Администрация уже выпила по кругу с каждым из именитых гостей на брудершафт. Уже вполне были ожидаемы танцы однополых пар, как в старой Аргентине, где из- за нехватки женщин танго зарождалось именно в мужских парах. Европа же в танцах отличалась изысками: здесь вальс поначалу танцевали втроем…

Очевидно, поэтому молодой помощник Раевского пухлый Миша Сливович, как ему казалось, незаметно гладил поясницу вездесущего Мандадзе, постепенно опуская руку все ниже и ниже. Тому это явно нравилось, но, глянув по сторонам он, нехотя отодвинул руку Миши от своих чресел.

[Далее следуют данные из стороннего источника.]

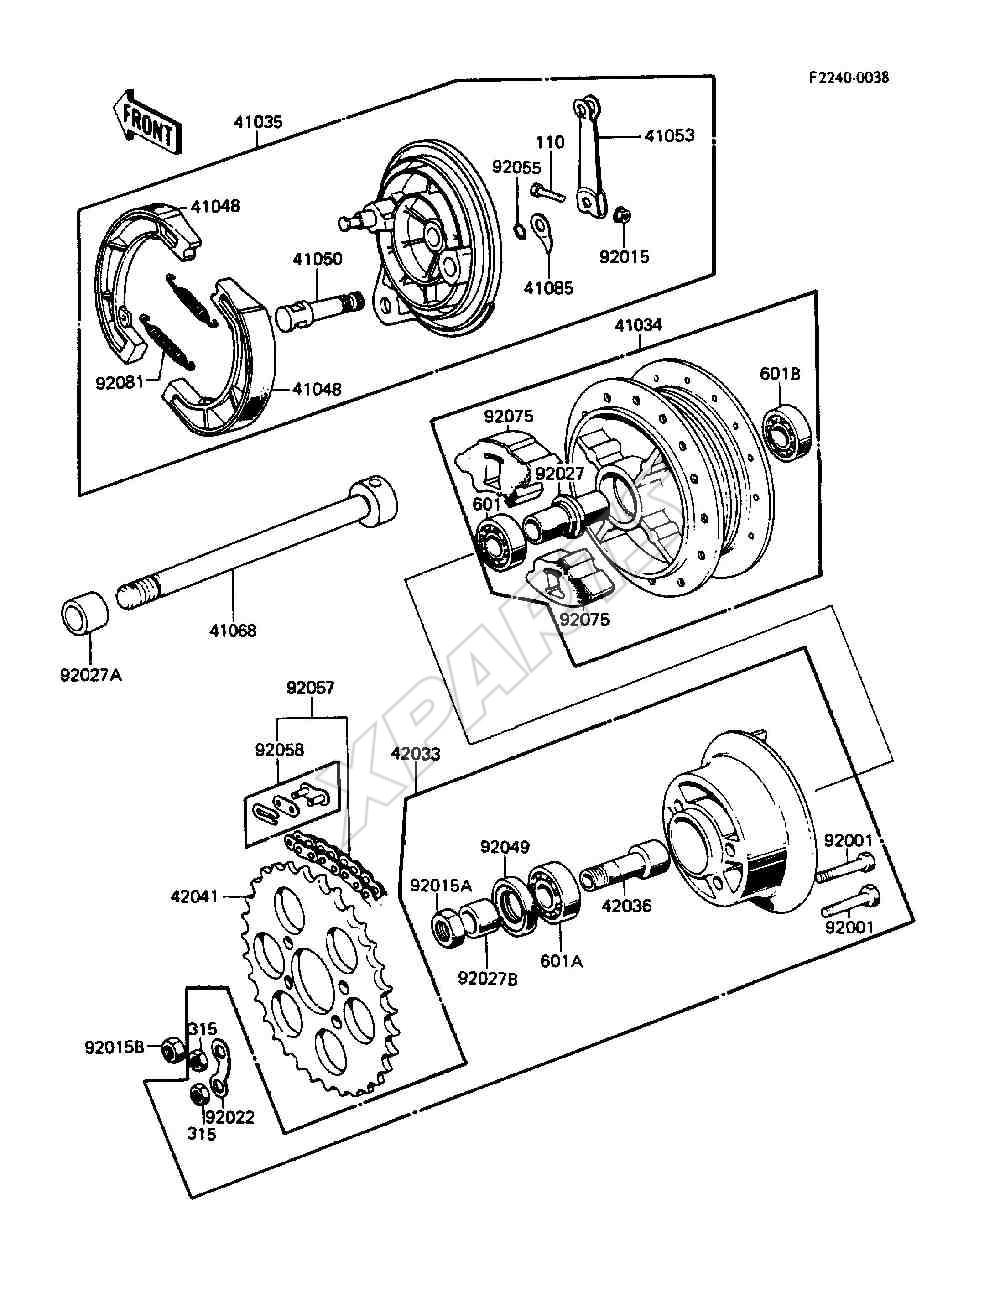 2003 jeep liberty alternator bedradings schema
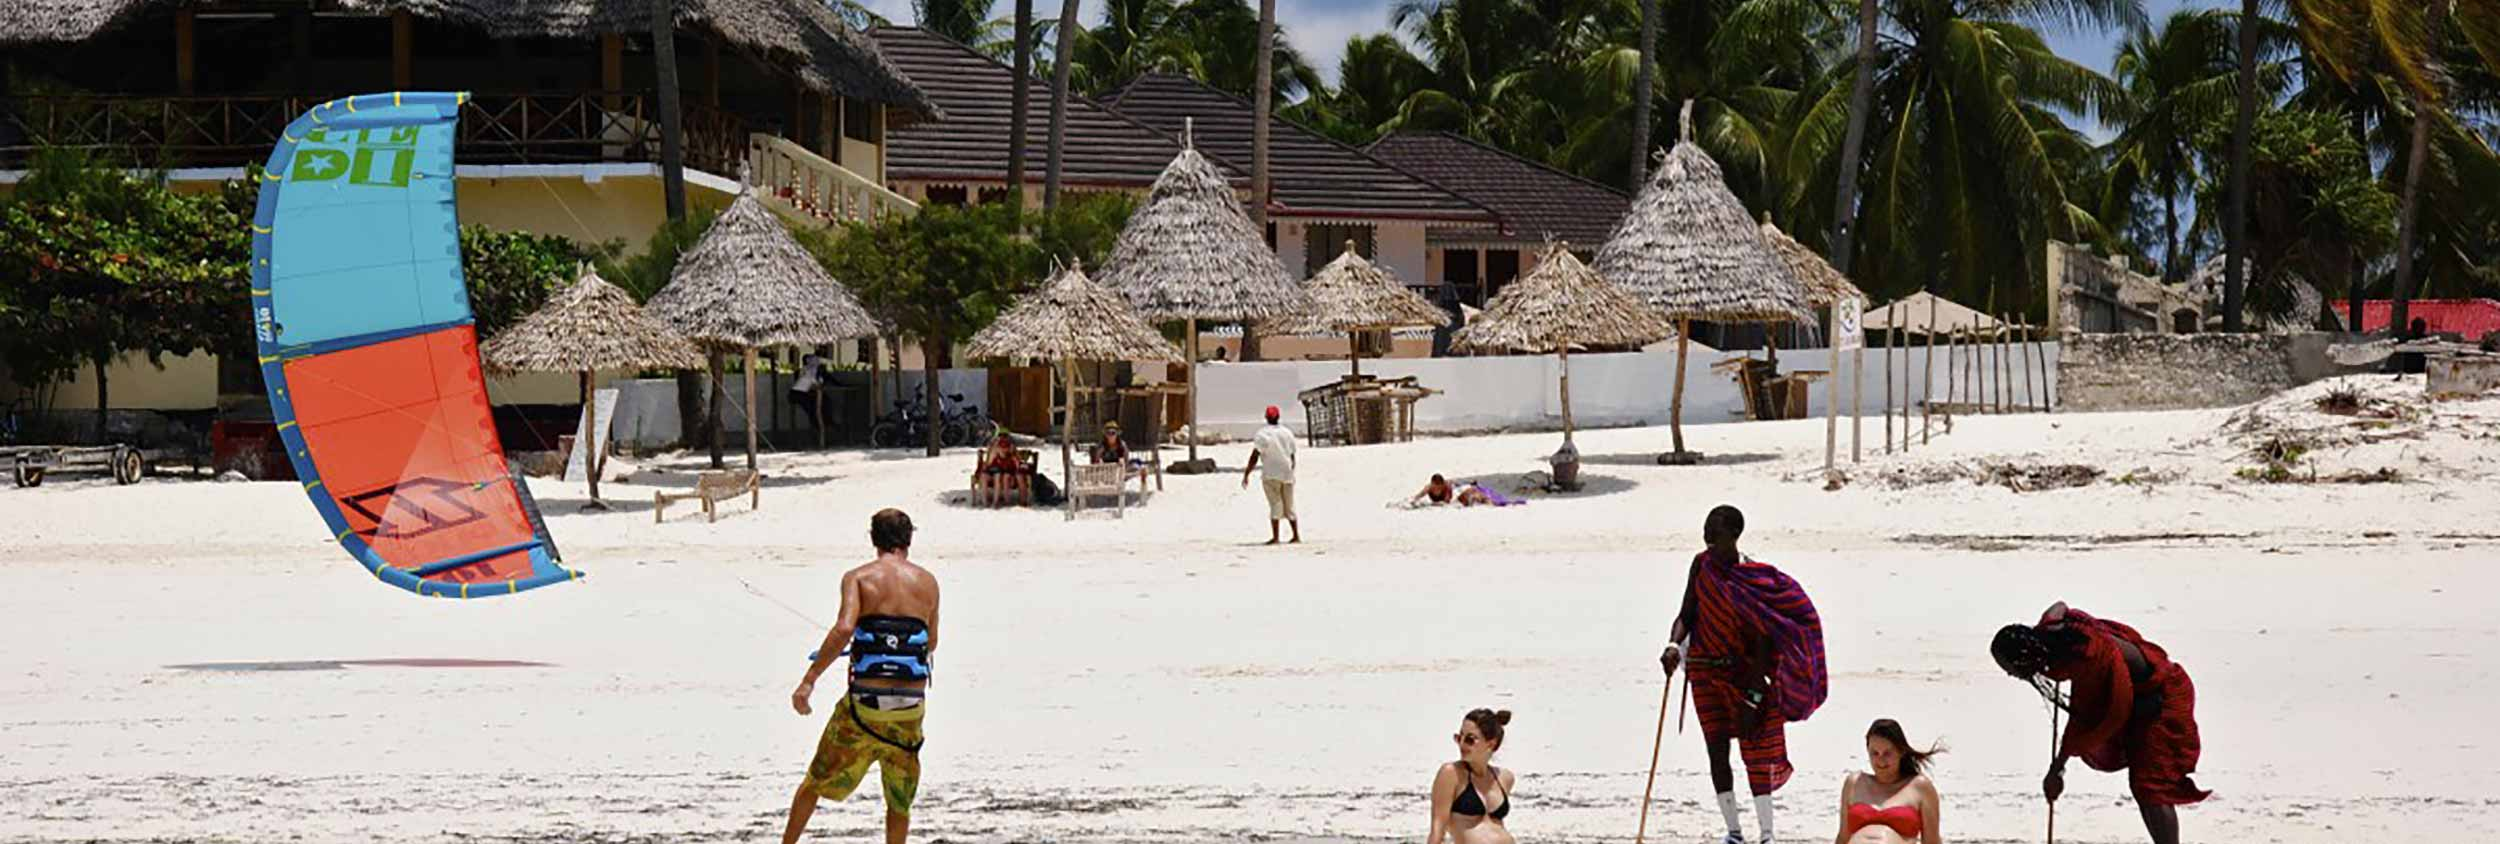 Zanzibar Tanzania Kiteworld travel

Андрей Петров уже влился в ряды гуляющих и естественным образом встал в очередь на прием к Бахусу. Но все же остатки сознания еще теплились в его затуманенном алкоголем мозгу. В самой дальней ячейке своей гигабайтной памяти он видел образ Дениса, который должен был существовать где-то рядом.

– Ты не видел здесь Меньшова? – едва шевеля языком, спросил он коллегу, с которым выпивал очередную порцию коньяка.
 
– Нет, – последовал лаконичный ответ. На этом пиру действительно никто не мог его видеть. – А он должен быть?
 
– Собирался прийти, но, видно, не захотел, – пробурчал Андрей. «Позвоню при случае ему домой», – подумал он и успокоился. Мысль о стажерке, которую они с Димой вдвоем отметили, звучала отчетливей. Среди гудящей толпы никого из солистов, кроме Христофора он не заметил. К нему-то он и направился.
 
– Скажите, Колумбыч, – Андрей назвал его прозвищем, давно прилипшим к главному герою, – а где, собственно, ваши дети? Где Аня, Чехов, Горький?

– Да я сам недо-у-ме-ваю, куда они все делись, – ответил басом Христофор - Валентин Ленский. – Жду, жду… Не будете ли вы так любезны, подняться в гримерки солистов и позвать их сюда?

Валентин силился вспомнить, где он встречал Андрея, но никак не мог: не то в буфете, не то в кулисах, не то в туалете. То, что этот незнакомец был его дублером на световых репетициях, он даже не догадывался.
 
– Я бы с удовольствием, – проговорил Андрей. – Но боюсь не вернуться с задания. Это ж где-то на этажах, а лифт уже не работает. Может, пойдем вместе?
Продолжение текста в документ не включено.